## Required action
With the pictures left out, please return exactly the line holding "SJÆLLAND og Økodag, gårde" and each following line until the entries end.

(Records from a data source)
....................
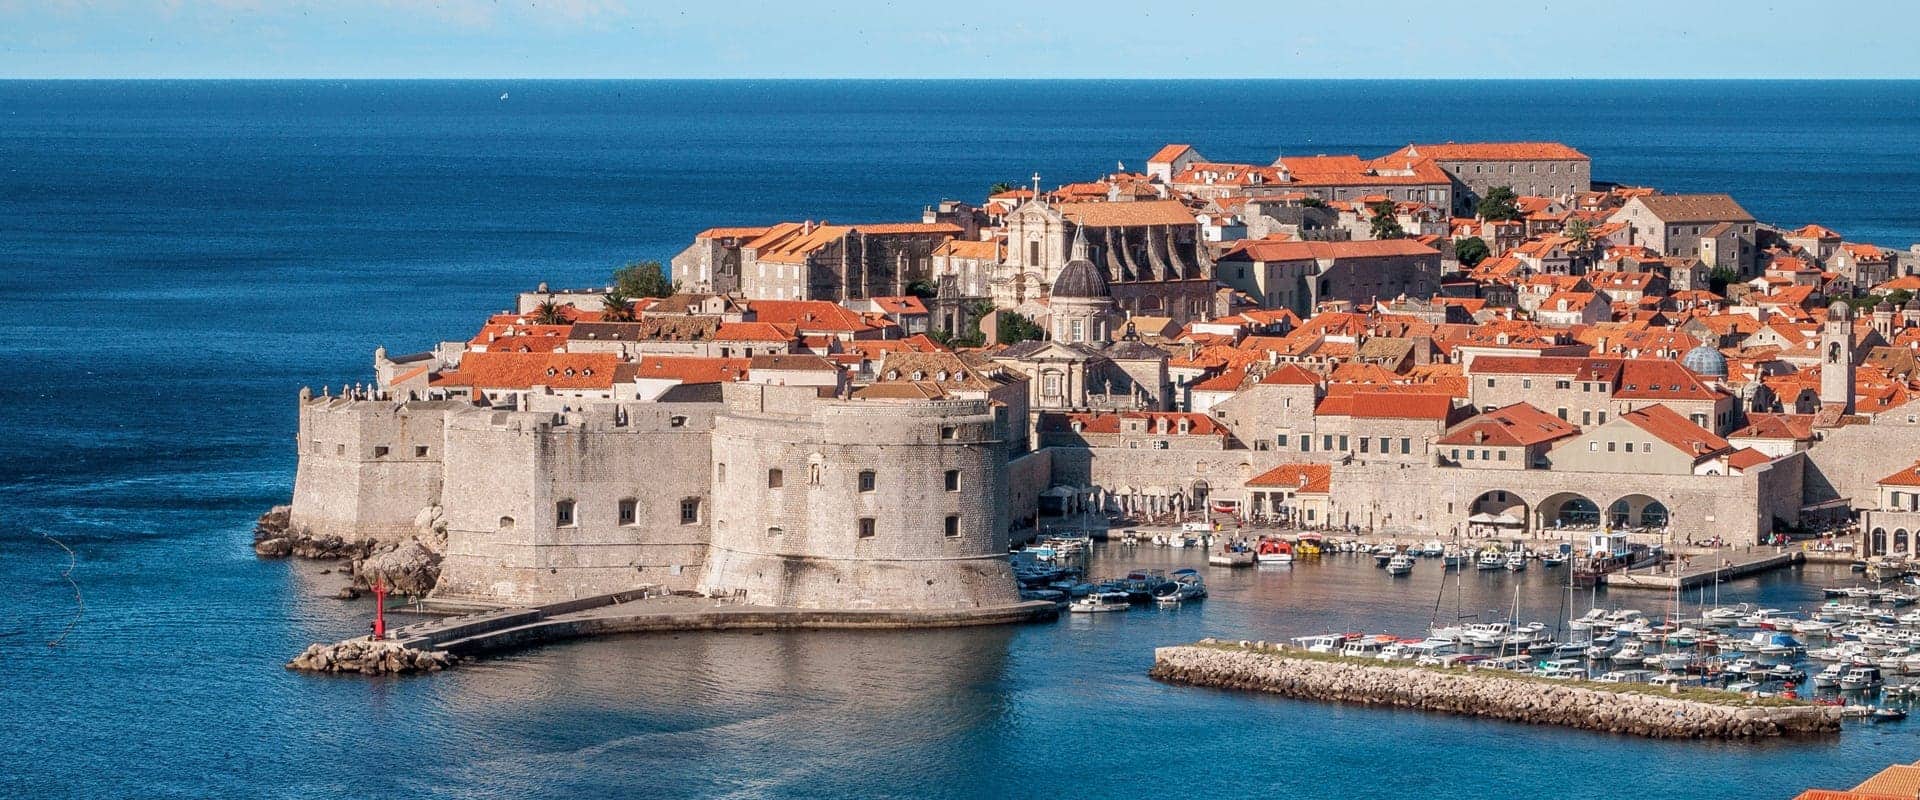 Dubrovnik Cruises
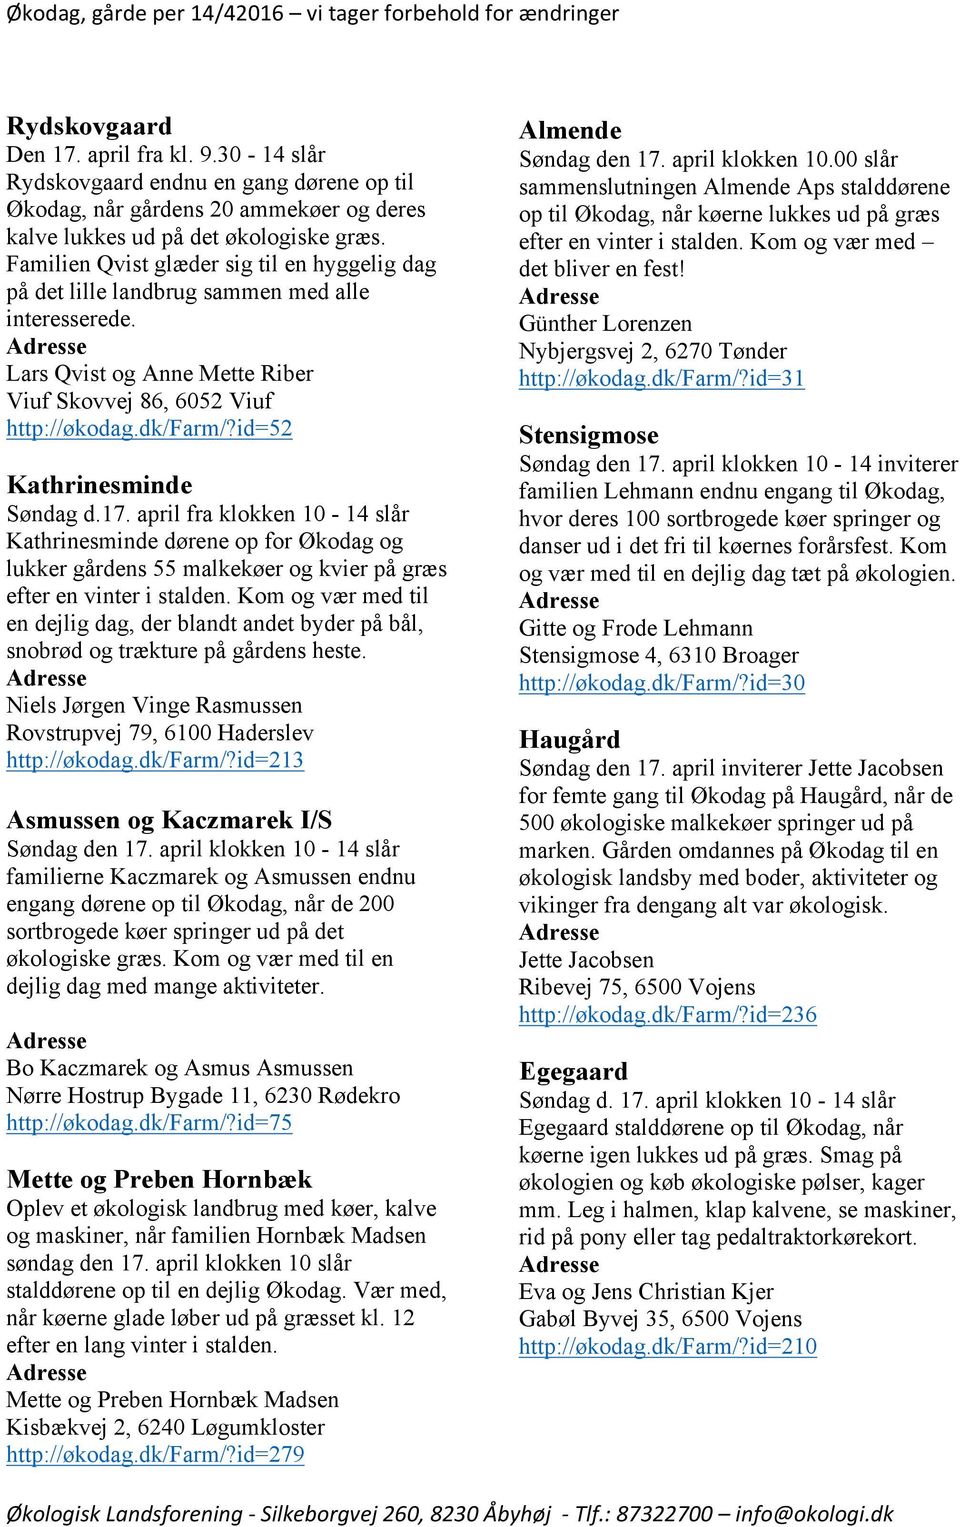 SJÆLLAND og Økodag, gårde per 14/42016 tager forbehold for ændringer - PDF Free Download
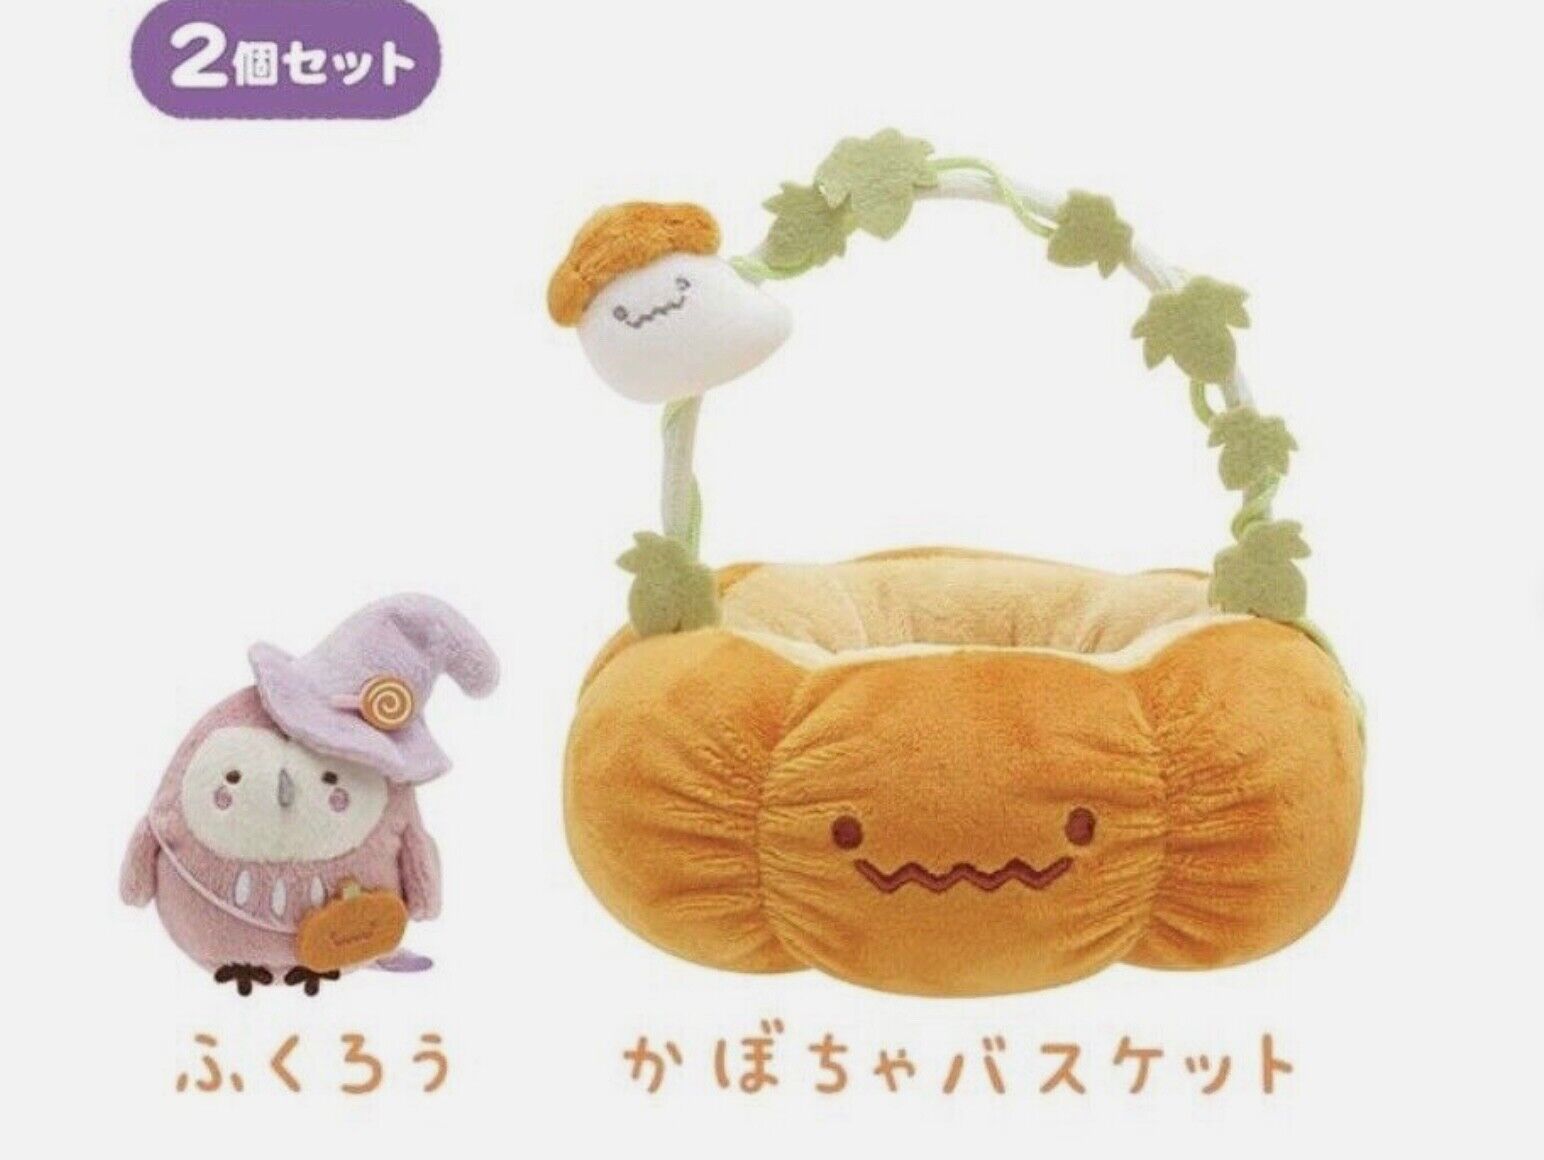 San-x Sumikko Gurashi Halloween Pumpkin basket & Owl kawaii
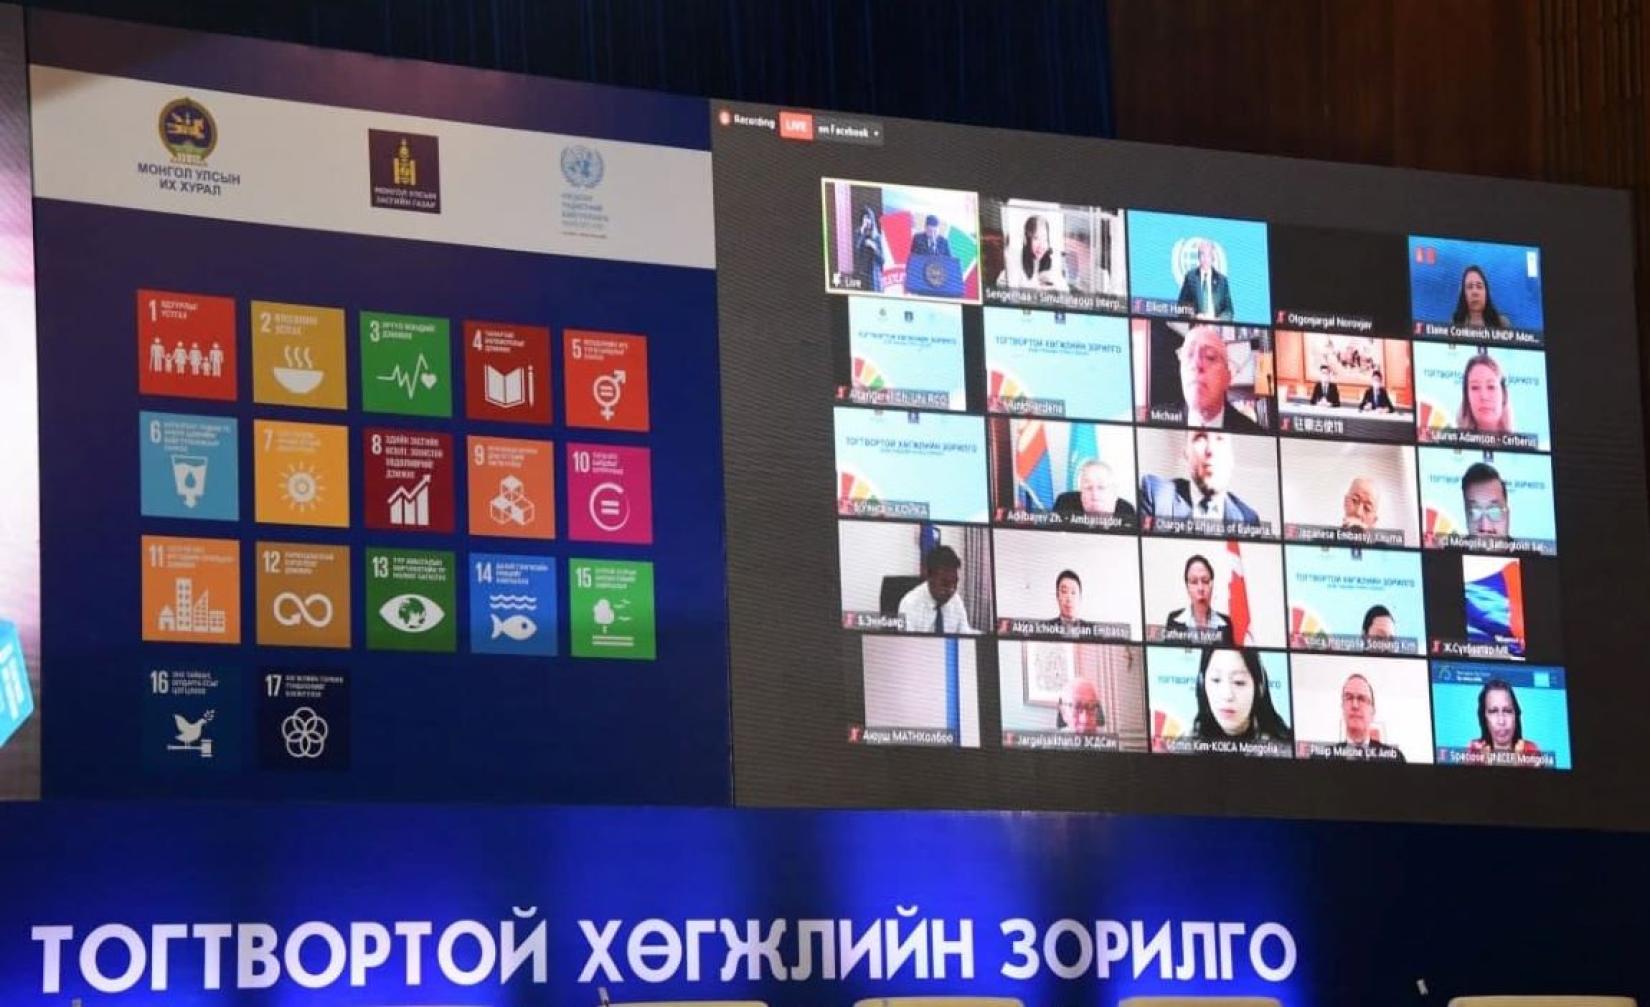 High-level forum on SDGs in Mongolia
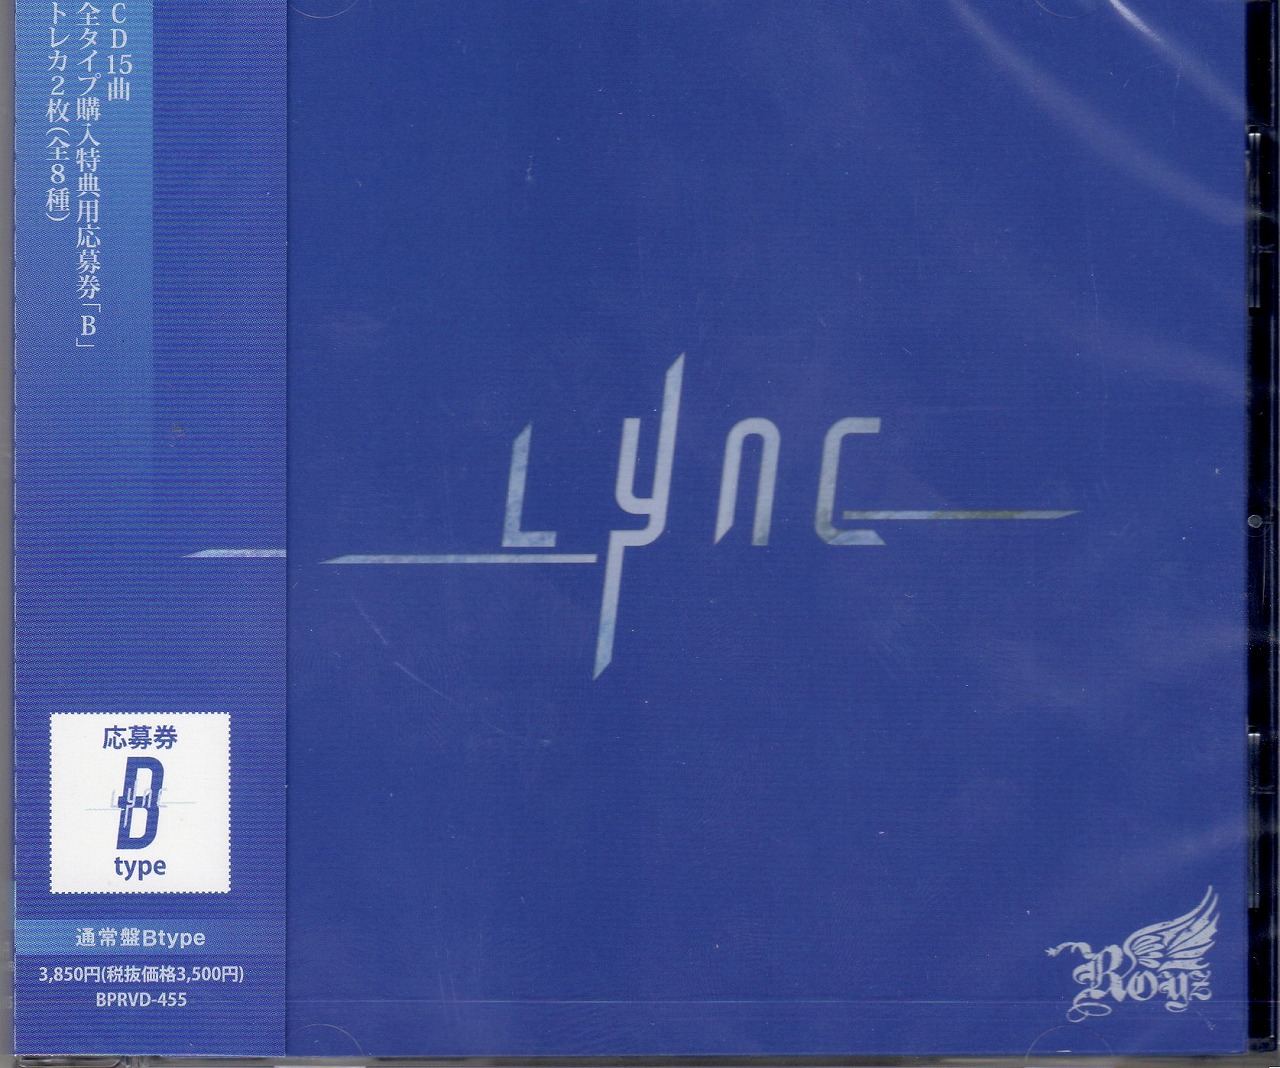 ロイズ の CD 【Btype】Lync
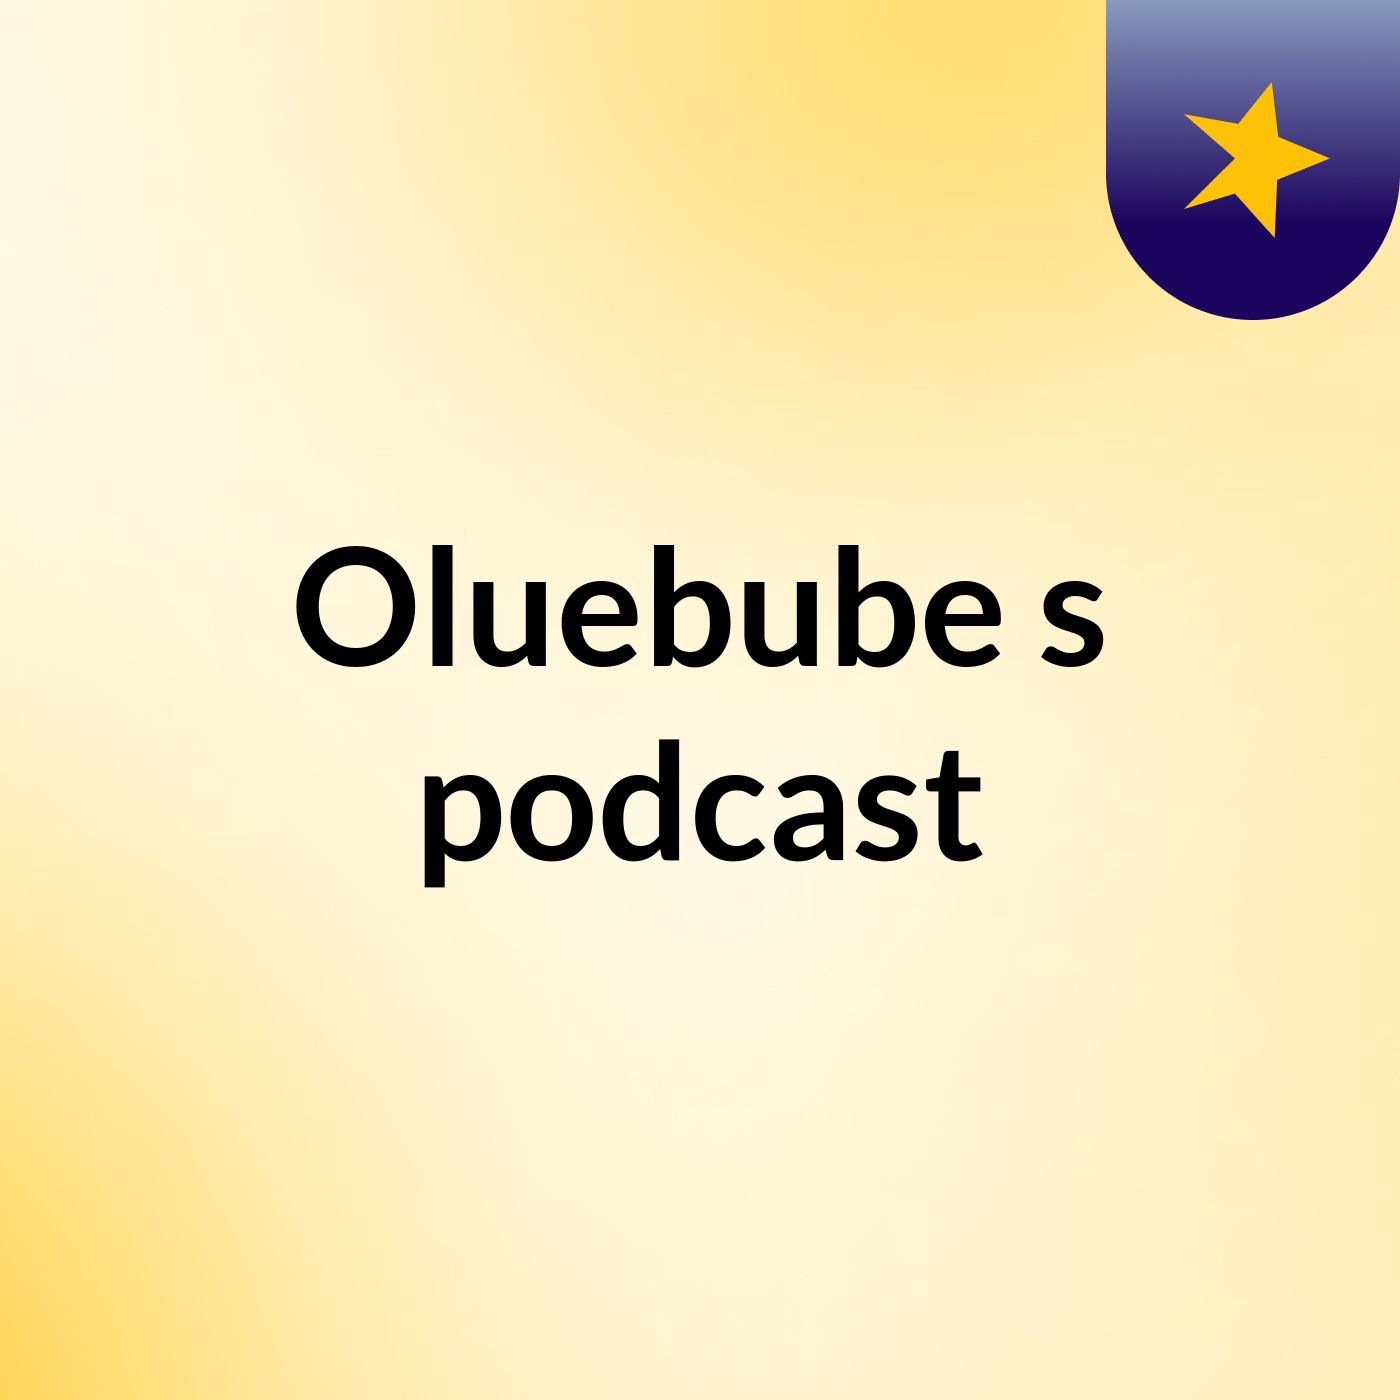 Oluebube's podcast
....................
## Reply to the task
 SJÆLLAND og Økodag, gårde per 14/42016 tager forbehold for ændringer - PDF Free Download
 San-x Sumikko Gurashi Halloween Pumpkin basket & Owl kawaii
 High-level forum on SDGs in Mongolia
 ロイズ の CD 【Btype】Lync
 Oluebube's podcast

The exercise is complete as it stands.